What the exercise asks:
Output exactly the lines below, starting with the line that has "Capac Display BackCover" and going on through the line that has "liber-hotel-usj-restaurant-brick-side-26", both included, and no other lines.

Data for this task:
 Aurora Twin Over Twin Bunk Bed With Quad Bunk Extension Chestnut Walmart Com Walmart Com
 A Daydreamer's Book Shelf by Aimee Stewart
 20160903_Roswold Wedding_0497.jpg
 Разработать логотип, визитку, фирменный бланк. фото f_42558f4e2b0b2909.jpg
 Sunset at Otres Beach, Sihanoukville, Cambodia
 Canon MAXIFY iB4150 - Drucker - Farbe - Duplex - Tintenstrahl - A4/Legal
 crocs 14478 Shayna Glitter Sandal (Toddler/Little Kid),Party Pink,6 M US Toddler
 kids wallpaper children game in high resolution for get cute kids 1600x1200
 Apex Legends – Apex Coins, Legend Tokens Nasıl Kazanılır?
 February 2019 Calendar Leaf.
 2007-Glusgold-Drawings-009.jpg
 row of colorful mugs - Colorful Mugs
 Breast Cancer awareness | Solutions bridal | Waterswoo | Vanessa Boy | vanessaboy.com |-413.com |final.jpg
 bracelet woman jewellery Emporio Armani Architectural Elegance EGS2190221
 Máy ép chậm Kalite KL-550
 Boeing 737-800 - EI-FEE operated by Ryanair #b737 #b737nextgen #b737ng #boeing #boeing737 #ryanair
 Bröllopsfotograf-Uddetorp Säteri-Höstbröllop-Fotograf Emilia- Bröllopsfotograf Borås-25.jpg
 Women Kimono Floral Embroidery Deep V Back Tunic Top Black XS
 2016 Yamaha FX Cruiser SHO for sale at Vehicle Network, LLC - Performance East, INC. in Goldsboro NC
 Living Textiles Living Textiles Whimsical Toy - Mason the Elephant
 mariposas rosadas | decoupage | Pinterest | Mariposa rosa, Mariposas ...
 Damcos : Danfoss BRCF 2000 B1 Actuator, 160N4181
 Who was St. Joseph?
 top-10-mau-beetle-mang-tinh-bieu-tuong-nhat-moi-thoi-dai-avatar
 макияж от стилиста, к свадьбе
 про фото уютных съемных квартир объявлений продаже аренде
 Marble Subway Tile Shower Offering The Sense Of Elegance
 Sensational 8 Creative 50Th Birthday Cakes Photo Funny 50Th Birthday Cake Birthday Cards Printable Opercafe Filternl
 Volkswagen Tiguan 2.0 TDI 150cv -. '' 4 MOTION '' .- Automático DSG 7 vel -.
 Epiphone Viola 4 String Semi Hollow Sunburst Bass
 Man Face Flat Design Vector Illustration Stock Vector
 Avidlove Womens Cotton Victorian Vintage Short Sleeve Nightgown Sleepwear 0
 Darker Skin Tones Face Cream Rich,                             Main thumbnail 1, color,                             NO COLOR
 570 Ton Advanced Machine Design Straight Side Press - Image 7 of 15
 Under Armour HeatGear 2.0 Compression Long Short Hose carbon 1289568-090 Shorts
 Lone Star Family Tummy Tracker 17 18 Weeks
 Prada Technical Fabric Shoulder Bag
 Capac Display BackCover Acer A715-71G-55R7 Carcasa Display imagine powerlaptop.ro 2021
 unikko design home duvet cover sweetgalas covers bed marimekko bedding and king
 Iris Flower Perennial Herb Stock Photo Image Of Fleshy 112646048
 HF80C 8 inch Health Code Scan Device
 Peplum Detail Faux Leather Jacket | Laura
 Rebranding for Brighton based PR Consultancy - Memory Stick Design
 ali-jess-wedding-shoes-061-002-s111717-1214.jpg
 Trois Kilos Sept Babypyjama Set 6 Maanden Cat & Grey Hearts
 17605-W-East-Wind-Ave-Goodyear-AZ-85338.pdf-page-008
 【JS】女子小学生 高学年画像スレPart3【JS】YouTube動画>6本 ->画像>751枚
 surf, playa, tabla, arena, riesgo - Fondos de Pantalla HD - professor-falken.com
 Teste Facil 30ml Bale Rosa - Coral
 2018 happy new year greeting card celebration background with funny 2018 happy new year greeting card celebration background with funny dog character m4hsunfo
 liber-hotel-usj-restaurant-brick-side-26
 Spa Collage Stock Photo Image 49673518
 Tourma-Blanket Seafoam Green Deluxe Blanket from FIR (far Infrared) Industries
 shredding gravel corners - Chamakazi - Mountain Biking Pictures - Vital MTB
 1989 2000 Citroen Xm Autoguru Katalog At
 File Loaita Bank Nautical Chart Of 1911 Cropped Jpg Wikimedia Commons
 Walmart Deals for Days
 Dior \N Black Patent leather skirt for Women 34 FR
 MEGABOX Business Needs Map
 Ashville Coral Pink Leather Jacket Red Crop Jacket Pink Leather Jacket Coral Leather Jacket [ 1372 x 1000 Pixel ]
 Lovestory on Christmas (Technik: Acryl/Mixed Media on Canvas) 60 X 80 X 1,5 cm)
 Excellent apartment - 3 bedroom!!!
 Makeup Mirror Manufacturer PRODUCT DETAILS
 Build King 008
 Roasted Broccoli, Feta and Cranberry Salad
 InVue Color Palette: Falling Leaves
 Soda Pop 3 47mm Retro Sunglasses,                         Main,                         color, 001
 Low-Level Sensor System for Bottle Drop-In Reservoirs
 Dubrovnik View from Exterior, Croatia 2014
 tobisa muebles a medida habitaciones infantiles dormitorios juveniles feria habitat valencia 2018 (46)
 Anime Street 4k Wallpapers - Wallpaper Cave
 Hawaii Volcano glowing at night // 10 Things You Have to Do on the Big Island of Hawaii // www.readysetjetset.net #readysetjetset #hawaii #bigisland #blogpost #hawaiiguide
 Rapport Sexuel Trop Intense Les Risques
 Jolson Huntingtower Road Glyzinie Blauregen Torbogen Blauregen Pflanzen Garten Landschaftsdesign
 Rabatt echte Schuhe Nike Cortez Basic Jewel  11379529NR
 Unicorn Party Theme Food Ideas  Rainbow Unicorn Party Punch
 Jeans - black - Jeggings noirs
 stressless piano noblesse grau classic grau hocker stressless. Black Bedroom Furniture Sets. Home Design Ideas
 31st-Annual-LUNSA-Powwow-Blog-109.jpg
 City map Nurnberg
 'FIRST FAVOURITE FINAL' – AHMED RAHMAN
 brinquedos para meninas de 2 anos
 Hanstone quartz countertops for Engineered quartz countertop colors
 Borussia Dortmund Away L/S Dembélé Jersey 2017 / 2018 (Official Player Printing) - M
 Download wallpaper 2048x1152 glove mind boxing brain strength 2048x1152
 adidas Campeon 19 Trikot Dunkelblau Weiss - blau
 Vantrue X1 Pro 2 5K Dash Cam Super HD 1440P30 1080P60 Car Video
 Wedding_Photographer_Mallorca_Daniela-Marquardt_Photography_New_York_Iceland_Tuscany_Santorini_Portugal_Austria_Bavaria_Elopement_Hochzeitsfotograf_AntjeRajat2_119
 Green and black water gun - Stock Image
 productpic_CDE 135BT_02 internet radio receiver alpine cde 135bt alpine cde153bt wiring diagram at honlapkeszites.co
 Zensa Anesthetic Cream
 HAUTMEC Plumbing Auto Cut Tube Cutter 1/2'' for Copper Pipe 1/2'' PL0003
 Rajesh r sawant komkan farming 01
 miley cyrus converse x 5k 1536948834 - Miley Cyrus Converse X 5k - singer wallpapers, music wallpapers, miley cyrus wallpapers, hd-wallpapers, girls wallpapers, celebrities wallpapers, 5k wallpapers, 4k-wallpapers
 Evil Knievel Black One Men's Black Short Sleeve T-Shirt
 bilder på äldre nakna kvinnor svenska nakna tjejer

Exercise answer:
 Capac Display BackCover Acer A715-71G-55R7 Carcasa Display imagine powerlaptop.ro 2021
 unikko design home duvet cover sweetgalas covers bed marimekko bedding and king
 Iris Flower Perennial Herb Stock Photo Image Of Fleshy 112646048
 HF80C 8 inch Health Code Scan Device
 Peplum Detail Faux Leather Jacket | Laura
 Rebranding for Brighton based PR Consultancy - Memory Stick Design
 ali-jess-wedding-shoes-061-002-s111717-1214.jpg
 Trois Kilos Sept Babypyjama Set 6 Maanden Cat & Grey Hearts
 17605-W-East-Wind-Ave-Goodyear-AZ-85338.pdf-page-008
 【JS】女子小学生 高学年画像スレPart3【JS】YouTube動画>6本 ->画像>751枚
 surf, playa, tabla, arena, riesgo - Fondos de Pantalla HD - professor-falken.com
 Teste Facil 30ml Bale Rosa - Coral
 2018 happy new year greeting card celebration background with funny 2018 happy new year greeting card celebration background with funny dog character m4hsunfo
 liber-hotel-usj-restaurant-brick-side-26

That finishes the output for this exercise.